Liberty and monopoly

Michael Lind writes,

the federal government should license any firm that functions in whole or in part as a search engine or general sales platform—but only in return for the firm’s agreement to obey a single set of industrywide rules and standards set by Congress or an executive agency under congressional, presidential, and judicial oversight.

Lind is arguing that we should deal with private monopoly power by using government power. I think that is a bad trade. A basic libertarian instinct that I have is that we should always be skeptical of the idea of using government power as a “solution” to the problem of power exercised in the private sector.

19 thoughts on “Liberty and monopoly

  1. It’s always a mystery to me that people who are concerned about the power of corporations are not concerned about the power of the government. The U.S. government is vastly more powerful than any corporation, and therefore vastly more dangerous.

  2. Isnt it about balance of power? Used to be labor, government and corporations, then labor was knocked down. If not government, what will limit corporate power?

    • Who will limit government power? The U.S. government was designed to be self-limiting, with power balanced between three competing branches. That isn’t working any more because allegiance is more to the political parties than to the branches of government. (Congress is only protective of its power if the president is in the other party.) So now the only limitation on government is the competition between the two political parties — and that is starting to come apart, too. If the attitude pushed by so many, that the Republicans should have no power because they are all racists or whatever, takes hold then we will be left with only one power center and no limit on it.
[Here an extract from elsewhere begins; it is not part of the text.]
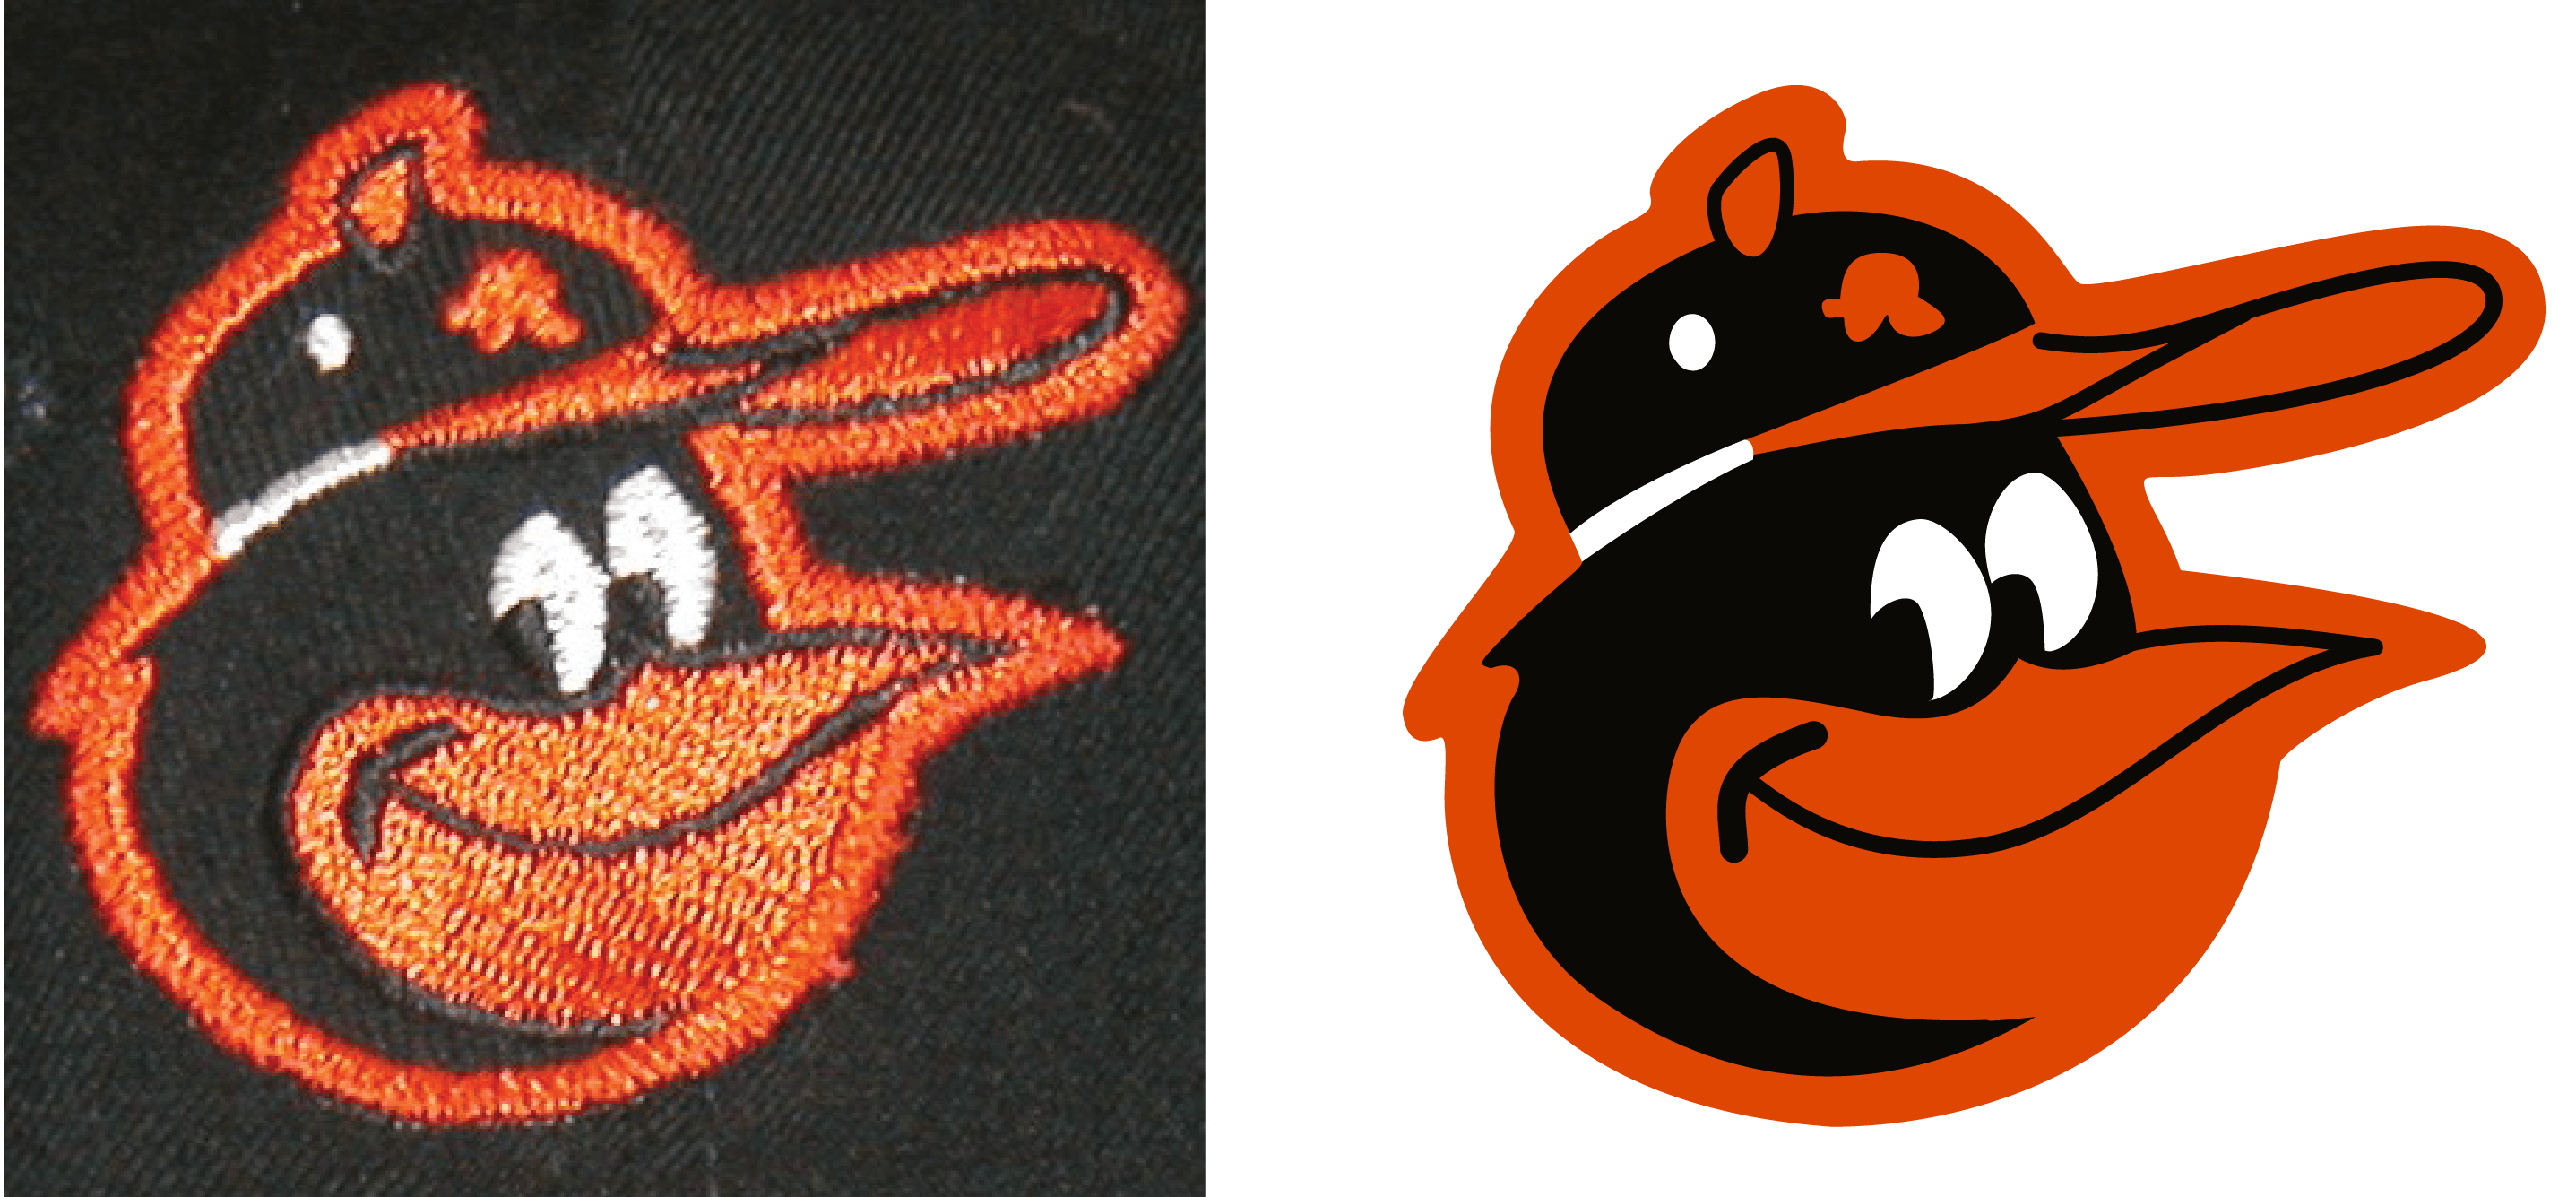 Baltimore Orioles Bird Logo - Baltimore Orioles Cartoon Bird Cap Logos. The Cartoon Bird

  3. Michael Lind’s solution sounds a little creepy.

    How about a government mandate there is at least one corner of the internet, fortunately or otherwise, in which there is no censorship?

    The reason for this is that Google controls the roads to the National Town Squares, which is now Twitter and Facebook, or smaller town squares.

    You cannot get on your soapbox in town square if internet titans do not want you too. You cannot set out some newspaper boxes with your pamphlets.

    Yes, there will be kooks, and hate-fests and pornography and unapproved disinformation and so on in the unregulated corner. But at there will be a place not censored.

    Believe me, there are things preventing the US from flourishing, and free speech on the Internet is and would not be one of them.

    Why is it I can print up pamphlets and say ivermectin works, but I cannot post my sentiments on Youtube?

  4. I agree with Kling on this specific point. I share his wariness for using government power to combat private market power.

    However… Jen Psaki admits that the Biden Administration flags content and users for Facebook. That is not strictly private sector power. It’s a collaborative power between tech companies and the Democratic Party of our own government. And as many conversations are done in secret, we don’t know what they are doing.

    I’d like to hear Kling’s view on Rubio’s proposal to mandate disclosure of communications between government and tech companies regarding content moderation:

    https://www.rubio.senate.gov/public/index.cfm/2021/7/rubio-introduces-bill-to-require-big-tech-disclosure-of-government-censorship-requests

    Private companies and private citizens have rights to privacy. Politicians have privacy in their private lives, but when acting in an official capacity, and potentially coercing private companies to control political discussions, they shouldn’t have any privacy, and all such conversations should be fully disclosed.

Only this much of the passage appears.